Your task → Everything in the records except the pictures should come back exactly as written.

Exercise data →
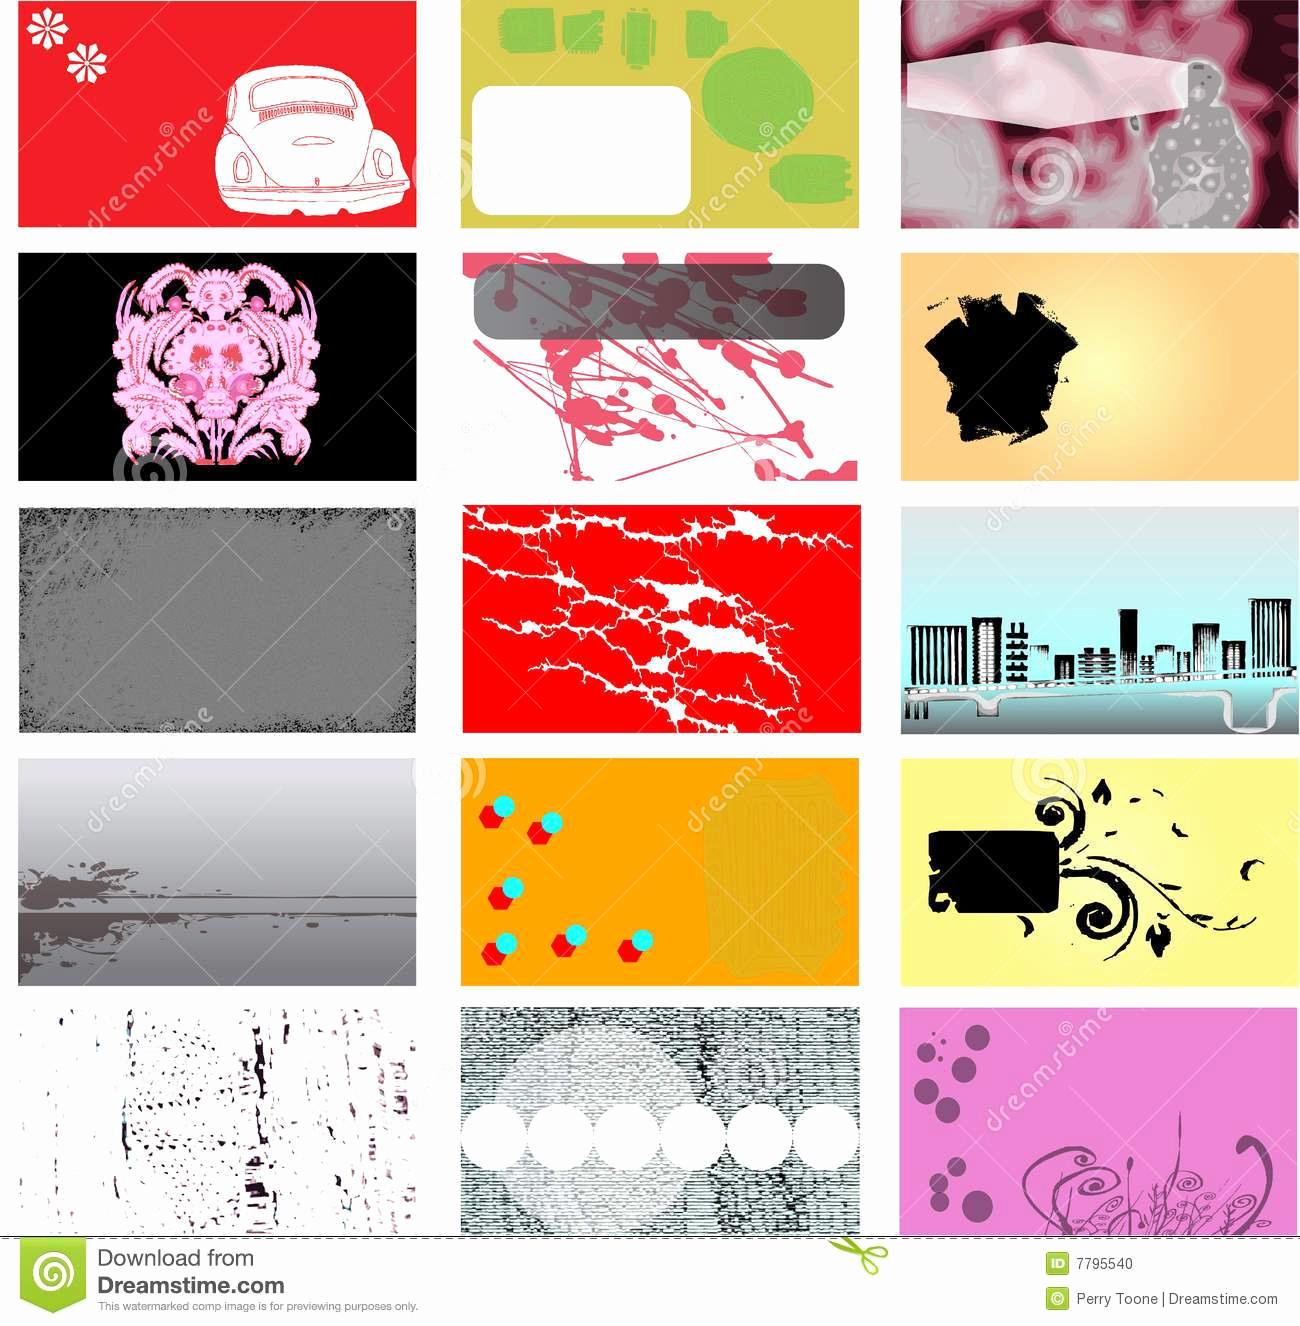 Cool Debit Card Designs Beautiful Cool Debit Card Designs
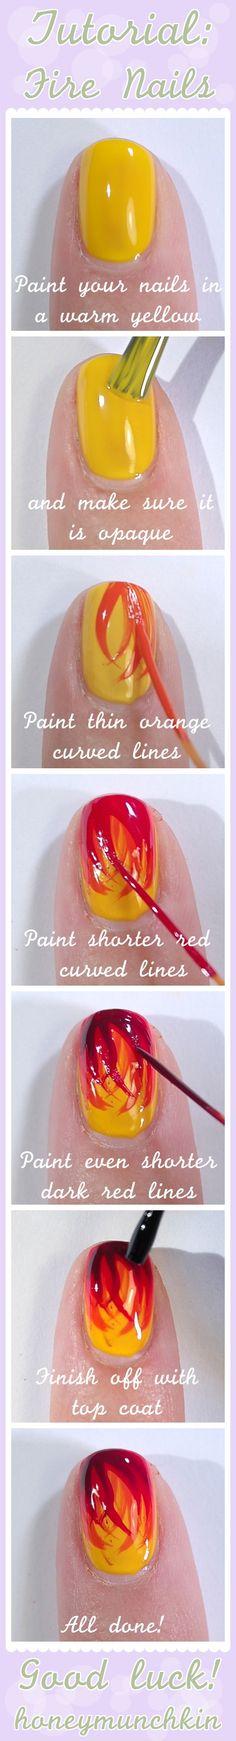 15 tutoriels nail art pour inspiration - Pose faux ongles
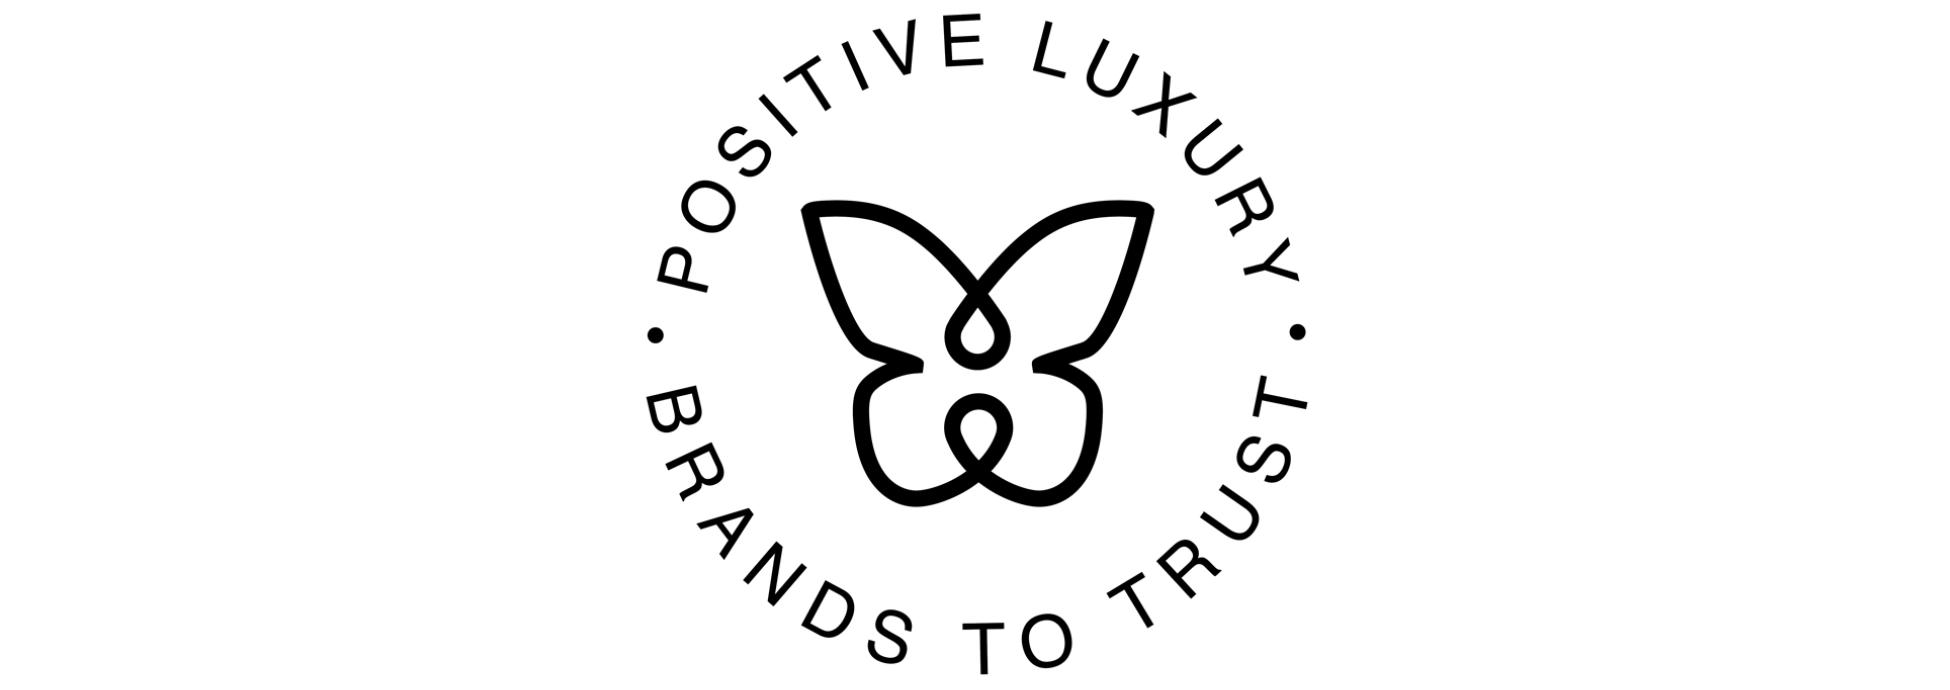 PositiveLuxuryButterflyMark.png
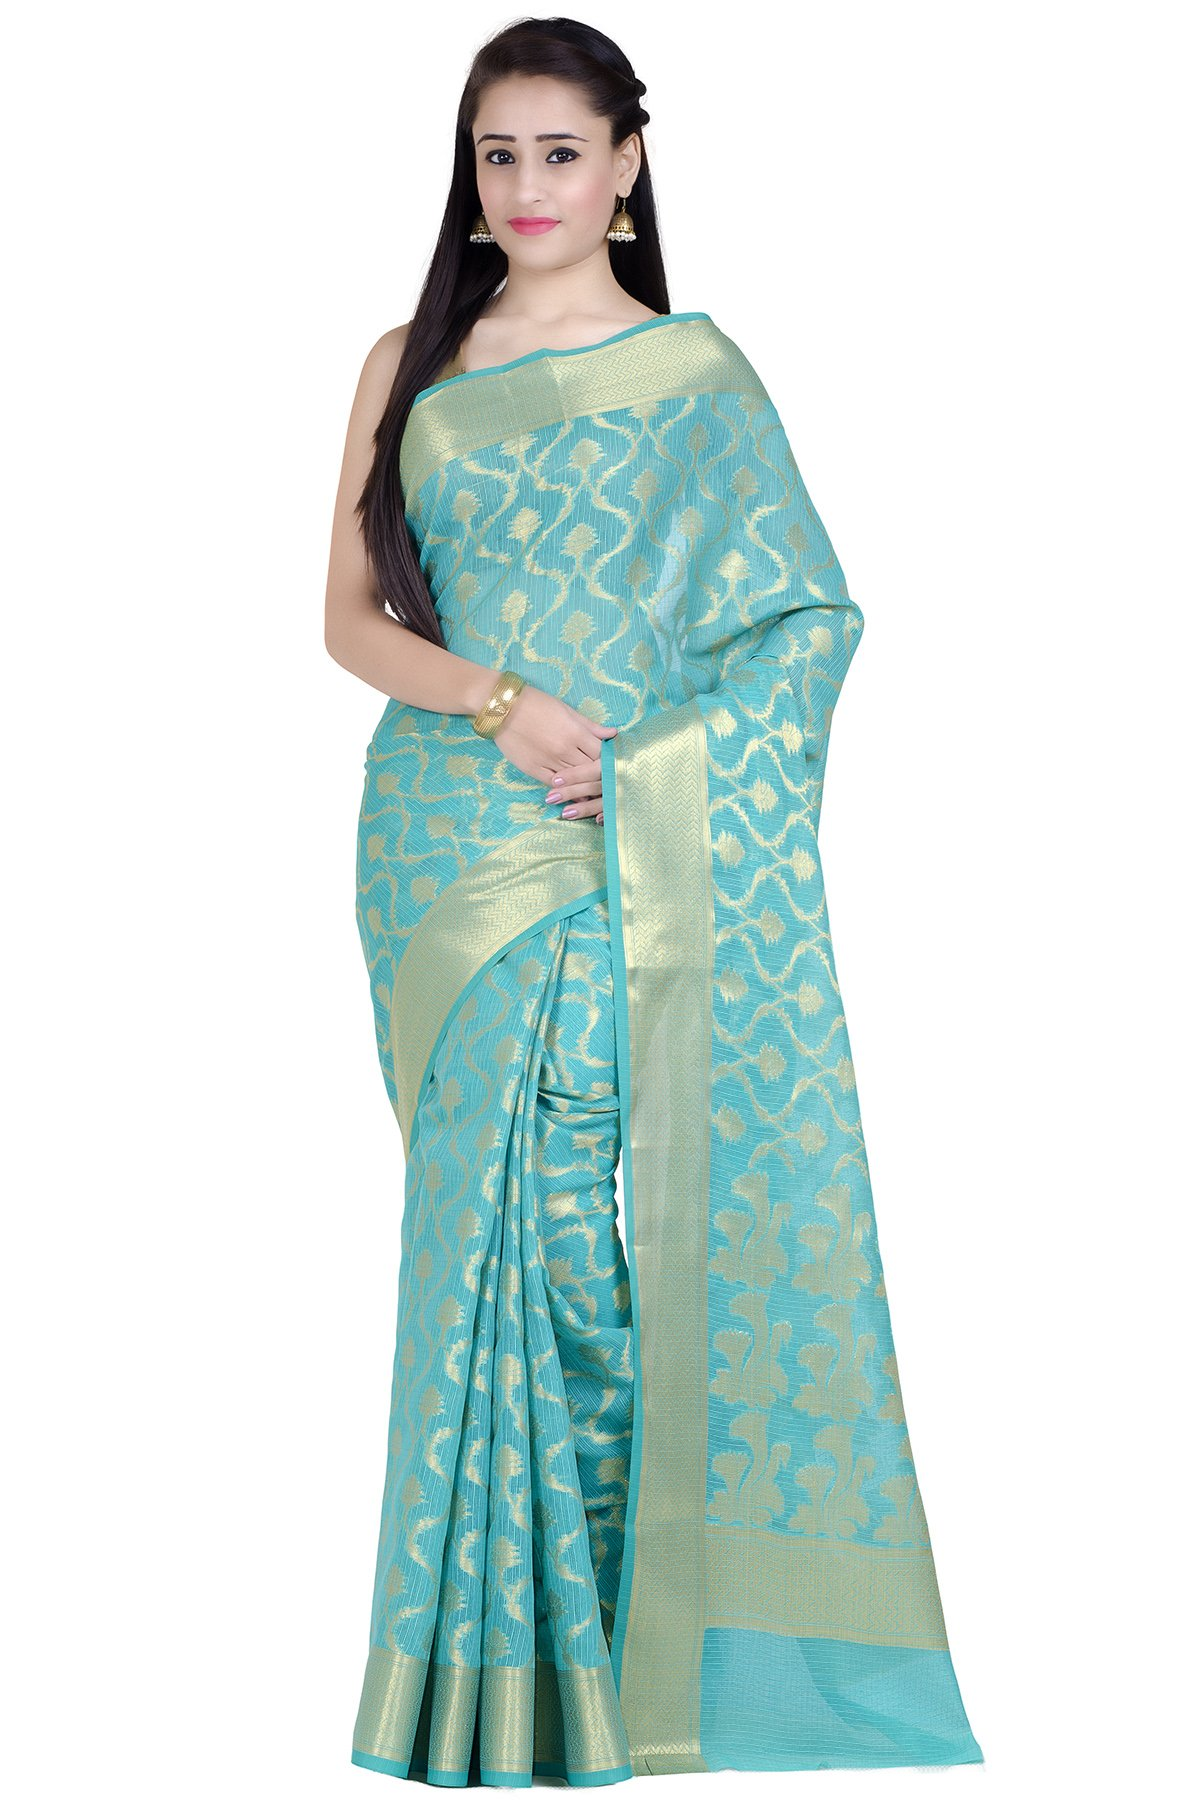 Chandrakala Women's Green Supernet Cotton Banarasi Saree(1272GRE)
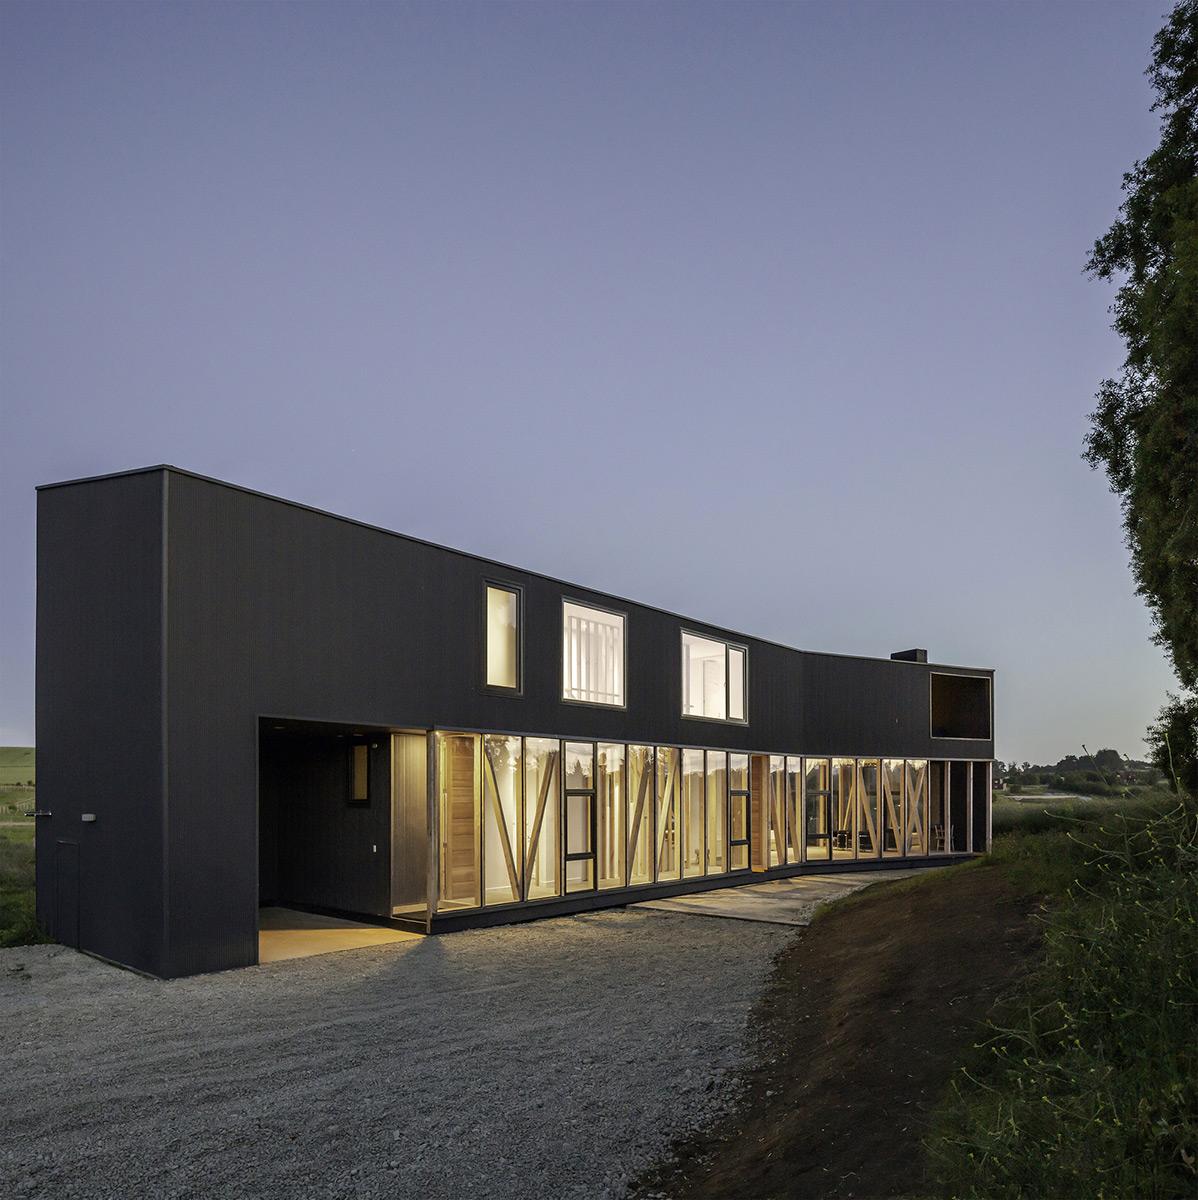 Casa-Maitenes-Ignacio-Correa-Aryeh-Kornfled-06
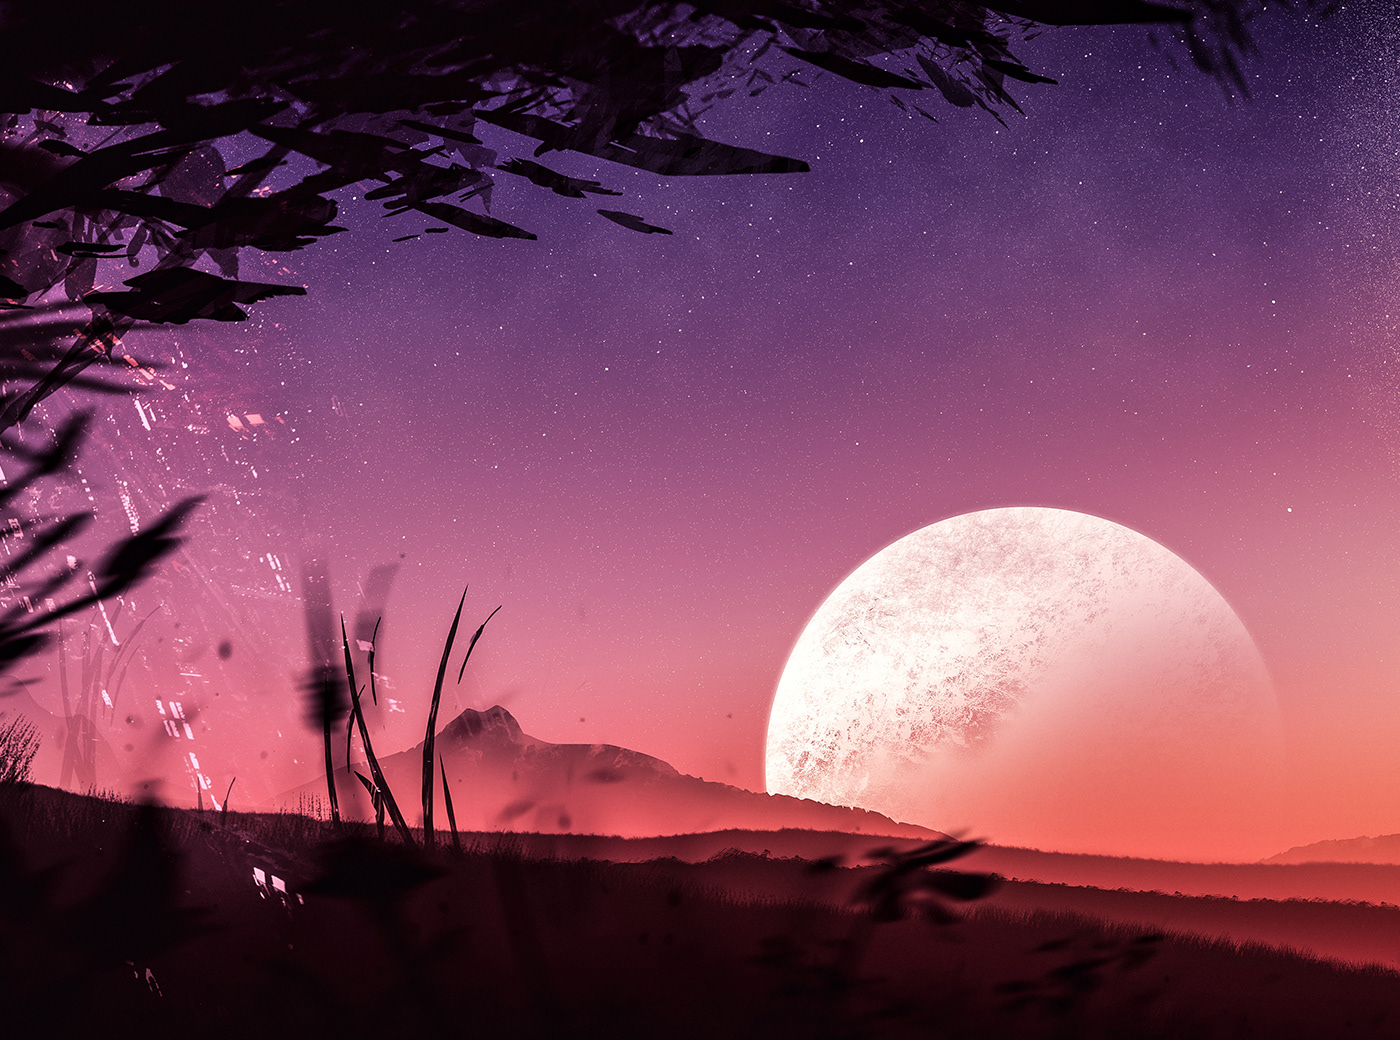 planet SKY Space  stars Landscape artwork

Answer to the problem →
 Cool Debit Card Designs Beautiful Cool Debit Card Designs
 15 tutoriels nail art pour inspiration - Pose faux ongles
 PositiveLuxuryButterflyMark.png
 Chandrakala Women's Green Supernet Cotton Banarasi Saree(1272GRE)
 Casa-Maitenes-Ignacio-Correa-Aryeh-Kornfled-06
 planet SKY Space  stars Landscape artwork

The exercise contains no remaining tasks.